Postaram sie obadac sprawe z tymi modulami, czy mozna je dokompilowywac na zewnatrz, jak tak, to pewnie by sie dostosowac do filozofii Gentoo podziele to na kawalki.

Oczywiscie teraz opieralem wszystko na CVS, wiadomo najwiecej zmian, poprawek, dodatkow itp itd, ale oczywiscie forsowac bedziemy cos oparte na 0.4.0 stabilnej!

coyote01: Prosze Cie, opisz problemy, chetnie sie dowiem co zbabralem  :Smile:  Co do niestabilnosci, to wszystkie moduly dodane spoza kadu core maja prawo wywalac kadu, taka bolesna prawda, choc sam przyznam ze mi sie nie udalo wywalic kadu od dawna  :Smile:  Pewnie jakiegos warninga dodam, ze kazdy modul z innego zrodla niz kadu-source moze powodowac nieprzewidywalne problemy.

----------

## pambuk

Używam Twoich ebuildów od dłuższego czasu i bardzo mi się podoba pomysł włączenie ich do portage.
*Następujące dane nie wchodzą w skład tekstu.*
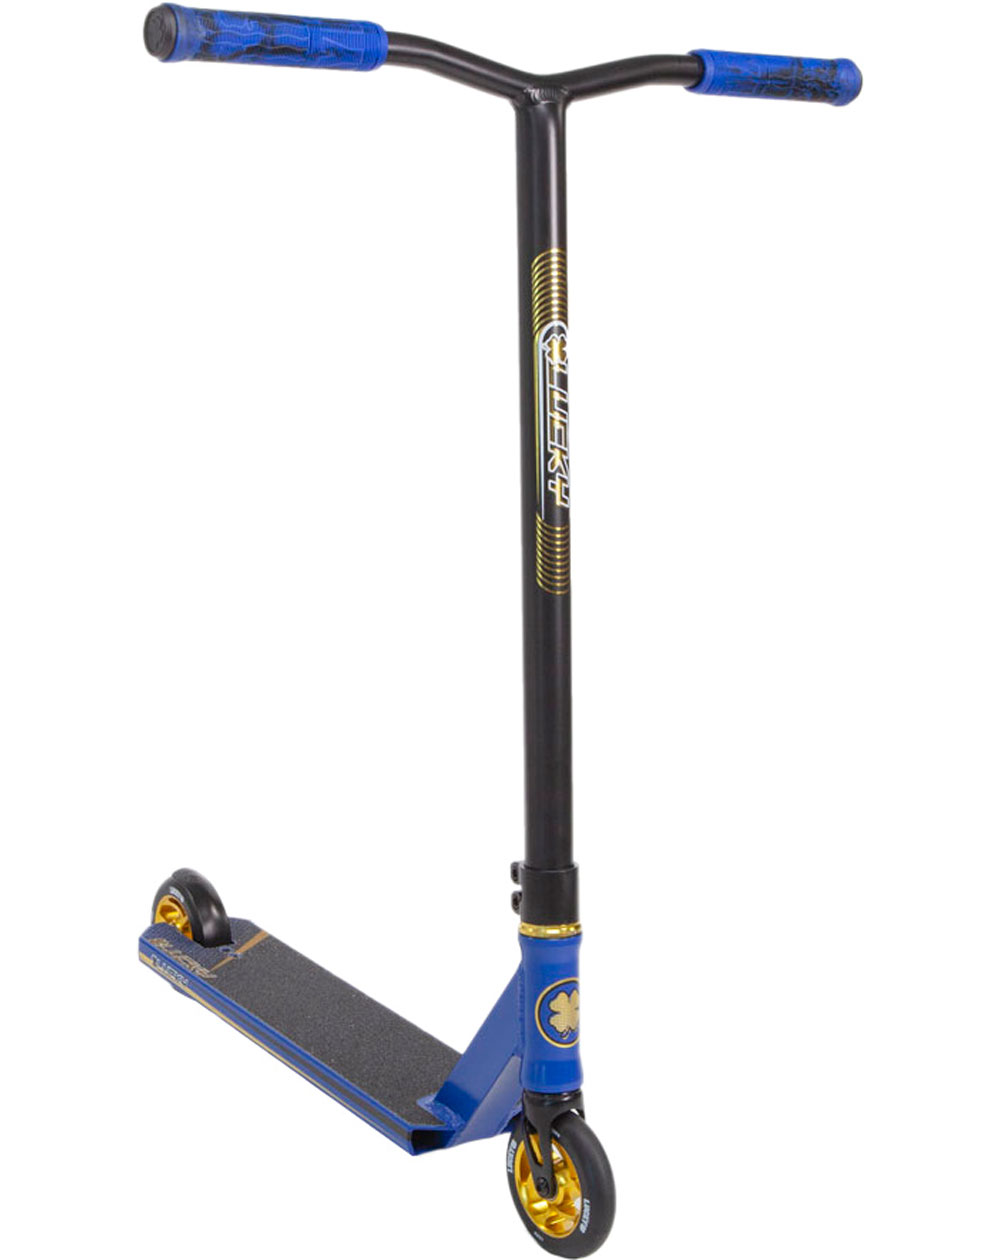 Lucky Crew 2021 Stuntscooter Blue Royale

Nie miałem z nim większych problemów, poza tymi, które zgłaszałem (nie kompilował się moduł bookmark, ale i tak nie był mi potrzebny, więc specjalnie mi na tym nie zależało). Oddałem głos na drugą opcję, ponieważ mam jedną uwagę - tych flag jest jednak troszkę za dużo, przeciętny użytkownik trochę czuje się zagubiony gdy widzi to po raz pierwszy (Kadu to w sumie nieduży program i liczba flag lokalnych dostarczanych przez twojego ebuilda jest troszkę nienaturalna). Proponuję np. zgrupować wszystkie flagi dotyczące zestawów ikon  w jednej fladze "eyecandy", albo "extras"... 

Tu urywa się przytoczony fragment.